Robinson Crusoe is first and foremost an adventure story. Daniel Defoe wanted to give his readers a chance to experience what it would be like to try to survive on an island, stranded from civilization. At the same time, it is hard to imagine a more Christian book. One of the main Christian themes presented in the book is that of death and resurrection. How is death and resurrection depicted in Robinson Crusoe? Through the storm and Shipwreck, Crusoe undergoes a symbolic death and resurrection, and as a result, his life on the island is his resurrected life. Crusoe’s true conversion comes a few months after he arrives on the island as he reads his Bible and the Holy Spirit works to bring new life into his dead heart. Towards the end of the book, Crusoe receives a final and ultimate resurrection when he is rescued from the island.
Crusoe’s rejects the wise counsel of his Father and departs on a journey that almost leads to his ruin. In the early days of his excursion Crusoe faces difficulties and begins to see the wisdom of his Father’s advise, and yet he refuses to repent and return home. What keeps Crusoe from returning home? Crusoe chose not to return home because he was ashamed of what his friends and family might think of him. He regrets that while he was not ashamed to sin, he was ashamed to repent, but he puts off doing the right thing. His heard grows harder with the passing of time, and in the end he lays aside any thought of returning home and sets off on another voyage.
For naturalistic Romantics the world, in its natural, untamed state, is a source of inspiration, beauty, and goodness. According to Romantics, man, in a “state of nature,” unspoiled by civilization, is basically good and lives without sin. Does Robinson Crusoe support the naturalistic Romantic view that mankind ought to live alone in union with nature? Contrary to naturalistic Romanticism, Robinson Crusoe presents a Christian view of the natural world as a sinful and untamed place that needs to be wisely governed and subdued by righteous men. Crusoe depends on the tools brought from civilization for his survival on the island, mourns the lack of community on the island, and longs to return to the civilized world, and preaches the gospel to Friday, which results in Friday’s conversion and rejection of the cannibalistic practices of his fellow natives.

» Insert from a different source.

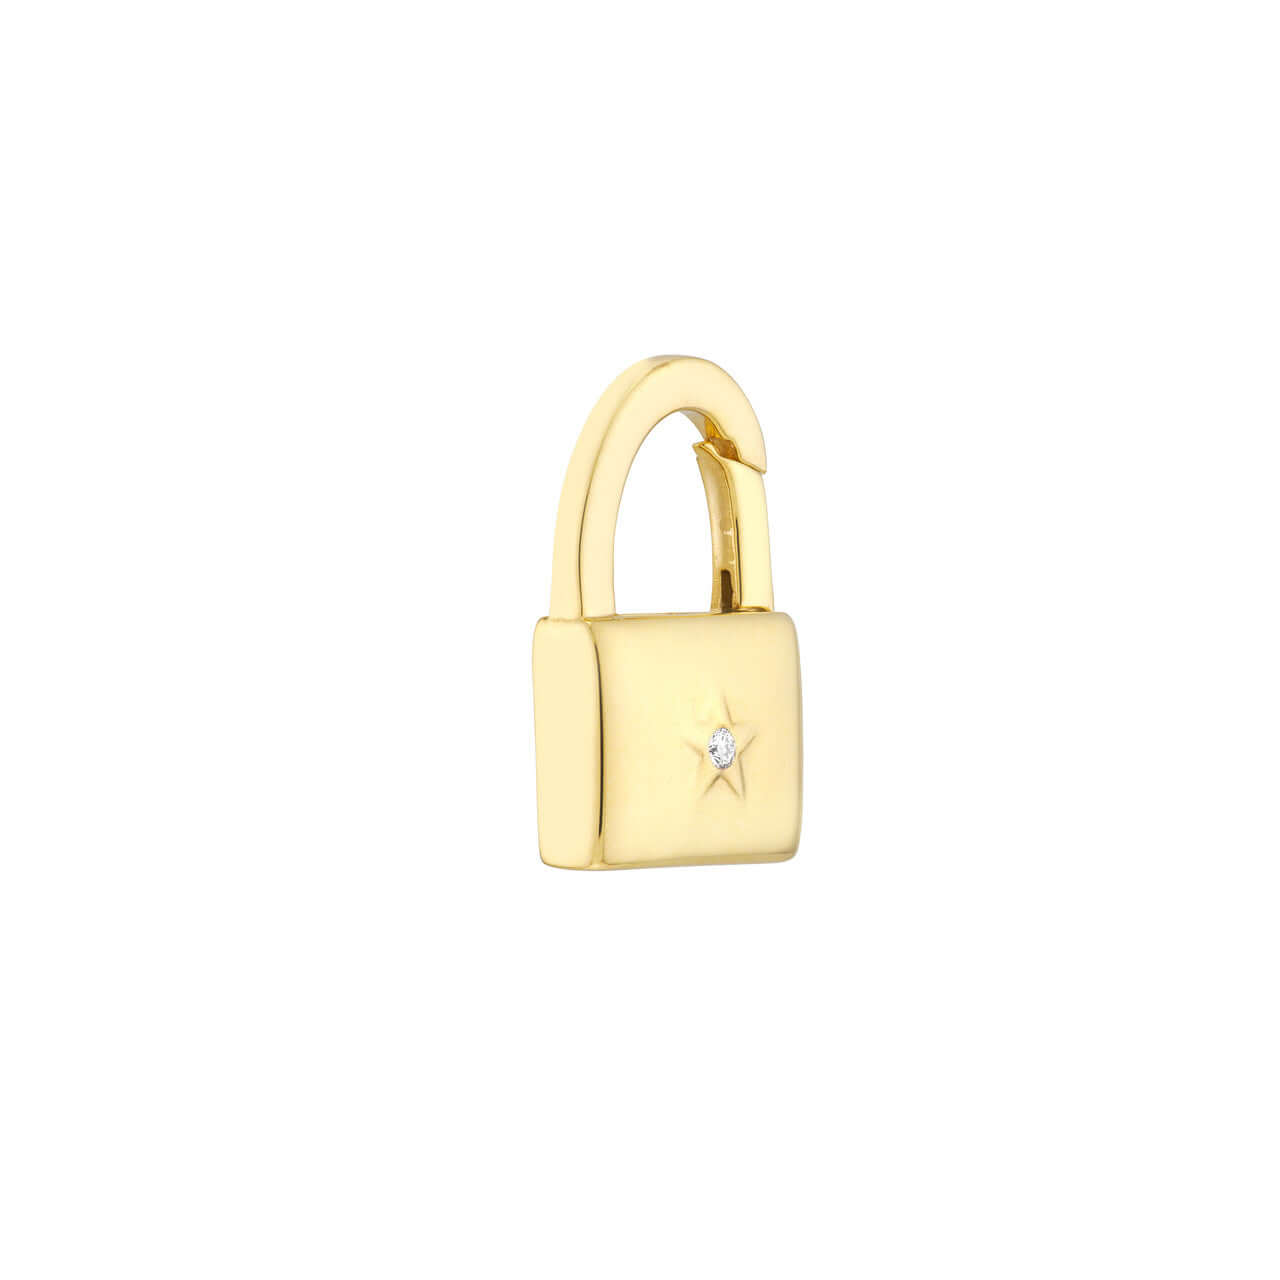 Louis Vuitton Lock It Key Padlock Diamonds 18k White Gold Pendant

What is Emma’s basic problem? Emma believes herself to be a good judge of people and attempts to use her skill by matching people together. Though she means well, Emma assumed too much of herself. She fails to recognize that her opinions of people are often based on neither reason of actual experience. Because her judgements are unfounded, Emma’s attempts at match making cause great harm to those that she loves most.
Some get distracted by the scenery, by the balls, by the dresses, by the coaches, and by the flirtations and courtships, when Emma is actually about something called . . . repentance. How does the Westminster Shorter Catechism define repentance unto life? “Repentance unto life is a saving grace, whereby a sinner, out of a true sense of sin, and apprehension of mercy of God in Christ, doth, with grief and hatred of his sin, turn it unto God, with full purpose of, and endeavor after, new obedience.”
When Mr. Knightly rebukes Emma for her sin, and she is awakened to the reality and seriousness of her actions, she repents. Is Emma’s repentance a true repentance unto God or is she simply turning over a new leaf? Emma’s repentance is a true repentance unto God. She recognized the foolishness and sinfulness of her behavior and this results in a proper humiliation followed by real grace. Because of this, Emma’s Godly sorrow bears fruit. She takes action and seeks to put things right.
Emma gets herself into trouble by judging others wrongly, and while the Bible calls us to be very careful in the way that we judge others, it does not condemn judging altogether. What are some biblical guidelines for making right judgments? Right Judgement is charitably quick to believe innocence, charitably slow to pronounce guilt, charitably redemptive when it must be, and charitably silent if at all possible.